The highest MAP value after induction of anesthesia was significantly higher in the dementia-positive group (MAP 3: median, 98 mmHg) than in the dementia-negative group (MAP 3: median, 84.5 mmHg). The highest BIS value also showed significantly higher values in the dementia-positive group (BIS 2, 3, and 4: median values, 75, 67, and 70, respectively; non-dementia group: median values, 58, 57, and 55, respectively). These values in the dementia-positive group may have increased due to stimulation such as anesthesia induction and tracheal intubation because the depth of anesthesia was somewhat shallow in the dementia-positive group. Because anesthetics and narcotics can decrease the blood pressure and BIS values excessively in elderly patients, we limited the amount used [39].
As the dementia grades (FAST and CDR) of the patients with dementia did not deteriorate after anesthesia, we concluded that the nTHI values decreased, but there was no decline in cognitive function among patients with severe dementia at FAST stages 6e to 7c and/or CDR indicating severe dementia. However, each category of dementia grade (FAST and CDR) has a certain range of symptoms. A subtle cognitive decline might result in the patient continuing to be classified in the same grade, due to the weak detection capability of FAST and CDR [34].

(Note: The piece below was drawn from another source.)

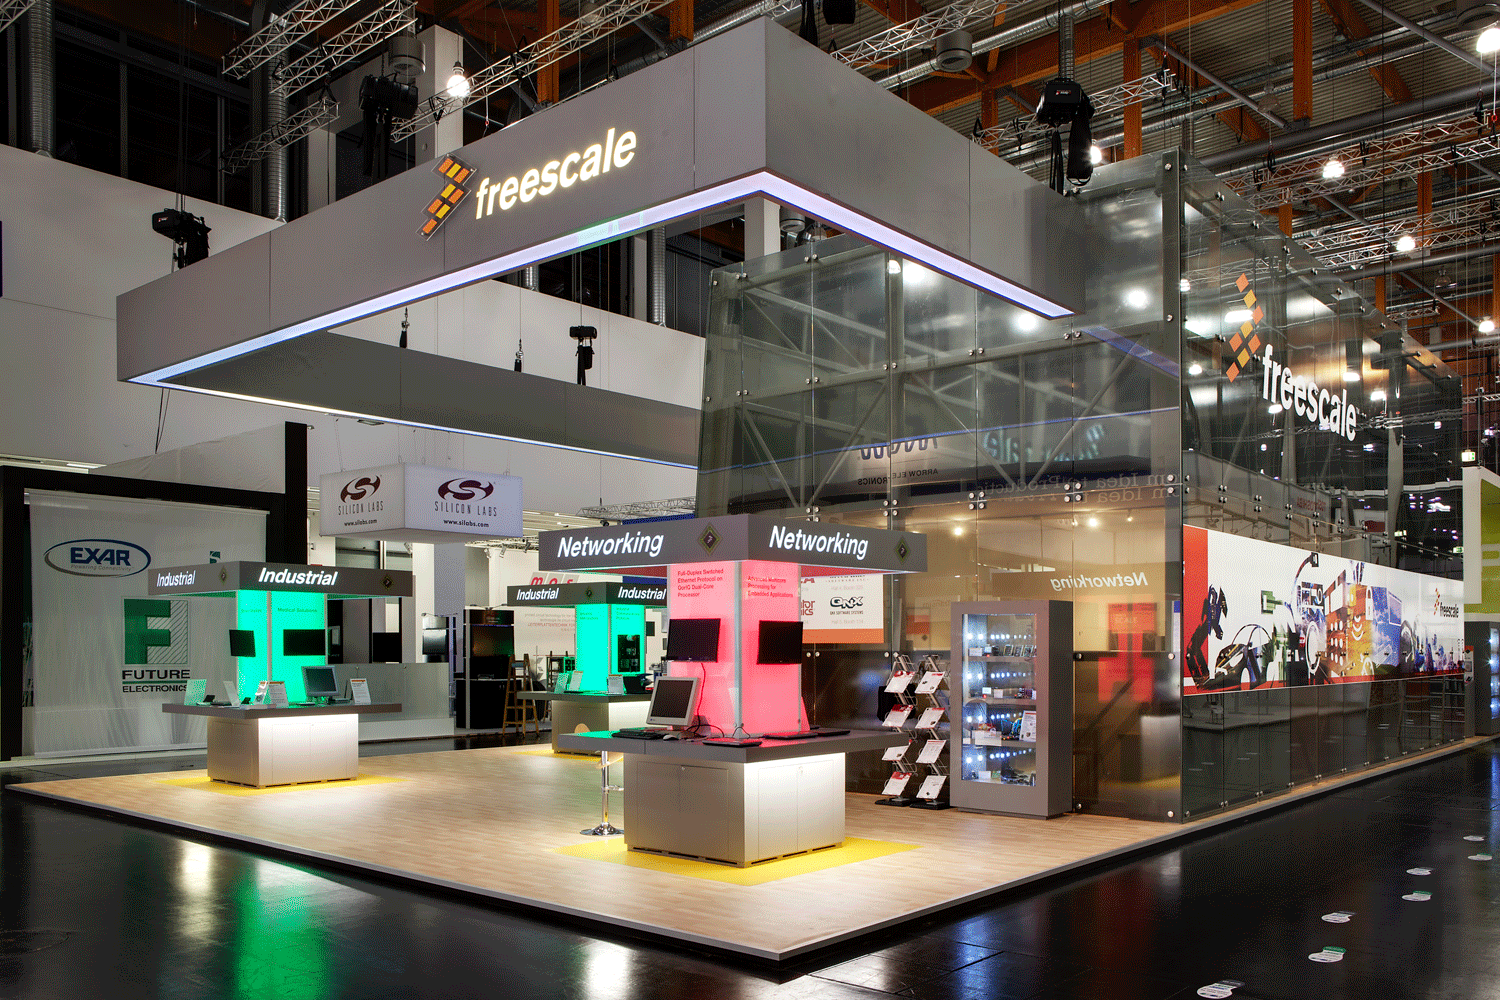 Freescale stand, Nürnberg, Germany

The limitation of this research is that the probes for measuring the brainwaves (BIS) and the CBF (NIRO®-200NX) had to be placed on the forehead, and although the BIS and CBF at the forehead could be measured, the conditions at other locations in the brain were not evaluated. Some reports showed differences in blood flow changes in different parts of the brain depending on the anesthetics used; thus, more detailed measurement at the multiple sites of the brain may be necessary [39]. In the present study, we also tried to adjust the types and volumes of anesthetics and opioids in both groups in order to maintain the MAP, BIS, SpO2, and etCO2 values within a preferable range. However, complete matching of the drugs used and their volume was not possible. Although the anesthesia method used in this study is thought to have a small effect on CBF in both groups, it may be an issue that should be considered when discussing the results. Although this study satisfied the requirements of the statistical sample size calculation, the sample size was small, which is another limitation. Future large-scale studies should evaluate cerebral and cognitive function during and after anesthesia.
The present study showed that when anesthesia was slowly induced while controlling the MAP, BIS, SpO2 and etCO2 values within a preferable range, the nTHI value of elderly patients with severe dementia was 0.60 (decreased by 40%); however, an nTHI value of 0.75 (decreased by 25%) was observed in elderly patients with no cognitive decline. These findings indicate that the nTHI value decreases significantly in elderly patients with severe dementia. No change was observed in the TOI.